Is there any user exposed SS API that allows a more robust calculation of
watermarking, i.e., 95th percentile of timestamps instead of max timestamp?
I understand that such calculation will be more expensive, but it will make
the application more robust.

Any suggestions/ideas?

PS. Of course the best approach would be to fix the issue on all source
systems but this might take time to do so (or perhaps drop future messages
programmatically (yikes) ).

Best regards,
Anastasios

Re: [Structured Streaming] Robust watermarking calculation with future timestamps

Posted by Jungtaek Lim <ka...@gmail.com>.
(dropping user@ as cross-posting mailing lists for mail threads would
bother both lists, and it seems more appropriate to dev@)

AFAIK there's no API for custom watermark, and you're right picking max
timestamp would introduce the issues you provided. Other streaming
frameworks may pick min timestamp by default, which also has some tradeoff,
slower advancing watermark or being stuck in skewed data.

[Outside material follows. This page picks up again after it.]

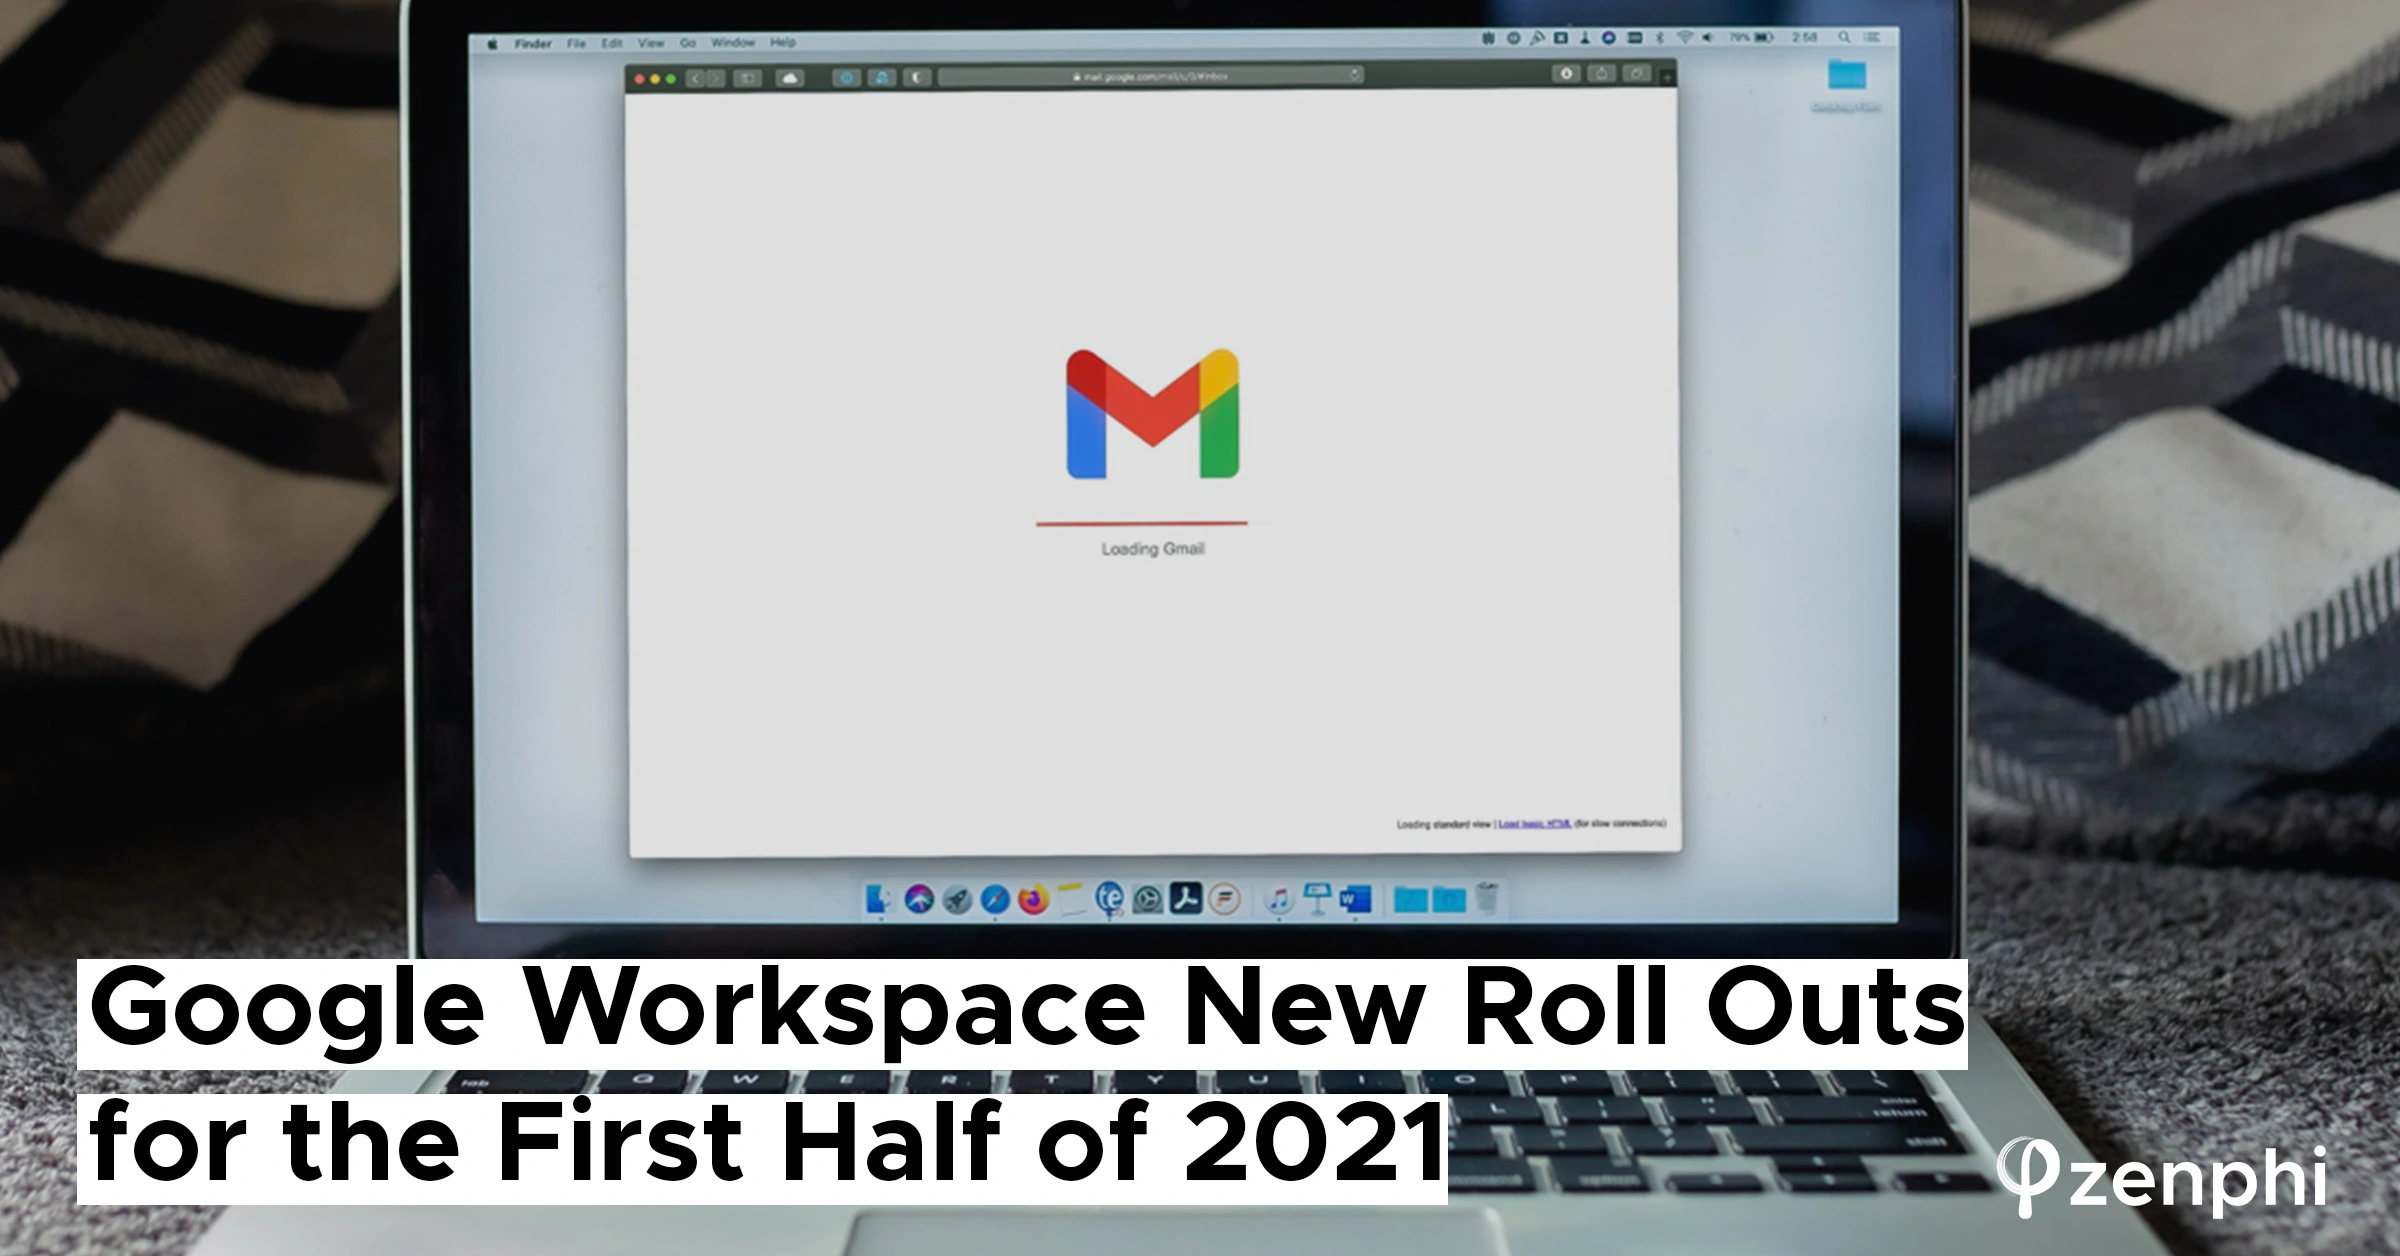 Google Workspace New Roll Outs for the First Half of 2021

As a workaround for now, you can adjust timestamp column before calling
withWatermark so that future events can be adjusted, though that doesn't
provide functionality like 95th percentile which requires aggregated
calculation. I guess Spark community may consider adding the feature if the
community sees more requests on this.

Thanks,
Jungtaek Lim (HeartSaVioR)


On Wed, Nov 13, 2019 at 6:58 PM Anastasios Zouzias <zo...@gmail.com>
wrote:

> Hi all,
>
> We currently have the following issue with a Spark Structured Streaming
> (SS) application. The application reads messages from thousands of source
> systems, stores them in Kafka and Spark aggregates them using SS and
> watermarking (15 minutes).
>
> The root problem is that a few of the source systems have a wrong timezone
> setup that makes them emit messages from the future, i.e., +1 hour ahead of
> current time (mis-configuration or winter/summer timezone change (yeah!) ).
> Since watermarking is calculated as
>
> (most latest timestamp value of all messages) - (watermarking threshold
> value, 15 mins),
>
> most of the messages are dropped due to the fact that are delayed by more
> than 45 minutes. To an even more extreme scenario, even a single "future" /
> adversarial message can make the structured streaming application to report
> zero messages (per mini-batch).
>
> Is there any user exposed SS API that allows a more robust calculation of
> watermarking, i.e., 95th percentile of timestamps instead of max timestamp?
> I understand that such calculation will be more expensive, but it will make
> the application more robust.
>
> Any suggestions/ideas?
>
> PS. Of course the best approach would be to fix the issue on all source
> systems but this might take time to do so (or perhaps drop future messages
> programmatically (yikes) ).
>
> Best regards,
> Anastasios
>